В родной Барышевке, где прошло мое детство, тоже был свой водовоз. Мы называли его Разгоняй, потому что фамилия у него была Разгоняев, а имя, по-моему, Семен. Так вот, он тоже был очень толстый, пожалуй, потолще дяди Васи. Главное, у него был огромный живот. Мы видели, с каким трудом Разгоняй взбирался на телегу и, особенно, сползал с нее.
Не помню, с чьих слов, но у нас среди детей было убеждение, что Разгоняй когда-то напился нечаянно бензина, поэтому у него такой огромный живот.  Это еще и потому, что раньше, как мы слышали от взрослых, до воды, он действительно на телеге в бочке возил бензин (или солярку) для тракторов в поле. Потом был куплен бензовоз, бензин стал развозить Иван Филиппенко. А Разгоняй стал водовозом.
Сейчас думаю, что для предположений о «бензиновой» природе разгоняева живота основания были. Токсичные бензин, солярка могли стать причиной гепатита или цирроза печени, при которых вполне мог развиться асцит. Скорее всего, так и было. Но медицинской истории Разгоняя я не знаю. Да ее и не было. Толстый и толстый. Разве это болезнь?
Так и дядя Вася. Он пришел в стационар с жалобами на одышку, сердце побаливало. Из объективных методов обследования в больнице было только измерение артериального давления. Оно у дяди Вася было повышенным.  Электрокардиографа, естественно, не было. Но как-то лечили. Внимание, таблетки, «системы», так называли капельницы, да и просто отдых делали свое дело. Он чувствовал себя вполне прилично, собирался выписываться.
Тем воскресным утром, после завтрака, почти все больные были на улице. Кто-то в беседке под тополями играл в карты, кто-то, в том числе и мы с дядей Васей, просто сидели на лавке у больницы.
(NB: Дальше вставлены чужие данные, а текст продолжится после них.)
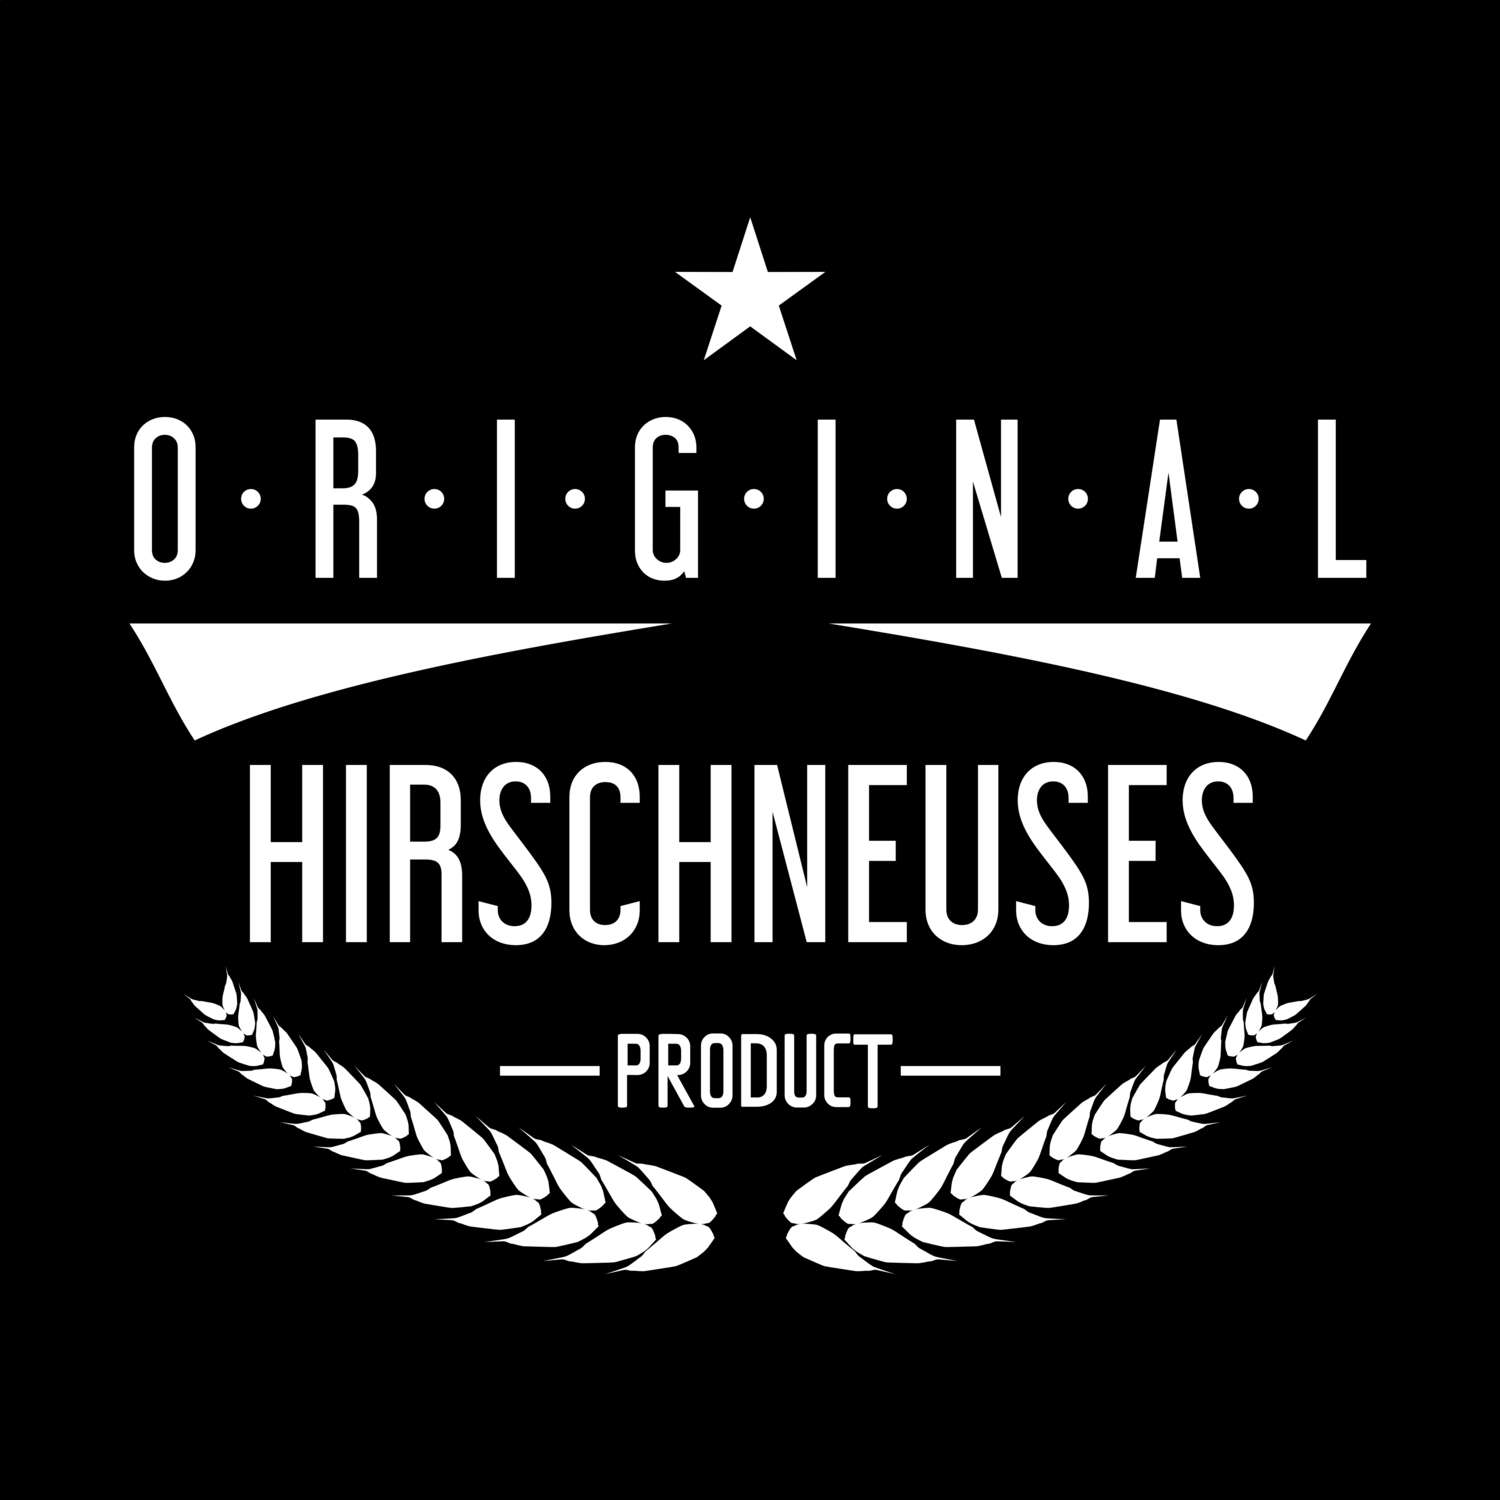 Hirschneuses T-Shirt »Original Product«

Подходили уже первые посетители. Установленных часов посещений никто не соблюдал, да еще в выходной день.
Вдруг в ворота больницы въехал грузовик и резко остановился прямо у входа в стационар, рядом с нами. В кузове было видно несколько мужчин,  возбужденных, с  растерянным выражением на лицах. Один выпрыгнул и пробежал в стационар, другие стали открывать задний борт.
Из больницы выбежала тетя Шура – дежурная медсестра. Она что-то скомандовала спешащей за ней санитарке и приехавшим мужчинам. Когда-то, на войне, она была фронтовой медсестрой, о чем я узнал из школьного стенда «Они сражались за Родину»,  командовать она могла.
К машине уже тащили брезентовые носилки, на которые укладывали вынутого из кузова молодого парня, в светлой футболке, испачканной кровью, в спортивных штанах, почему-то босого.
Тетя Шура склонилась над носилками, пощупала у доставленного пульс, потом шею, приподняла футболку, осмотрела и ощупала живот,  и носилки быстро понесли в больницу.
А тетя Шура подбежала к дяде Васе, который по-прежнему сидел на скамейке, но как-то наклонившись на бок. Рядом с ним стоял один из приехавших на той же машине, что-то говорил, придерживая почему-то побледневшего дядю Васю за плечи. Тетя Шура что-то шепнула тому и другому и увела дядю Васю в больницу.
- Застрелился. 
- Убили.
- Как же теперь отец? – начались обсуждения случившегося.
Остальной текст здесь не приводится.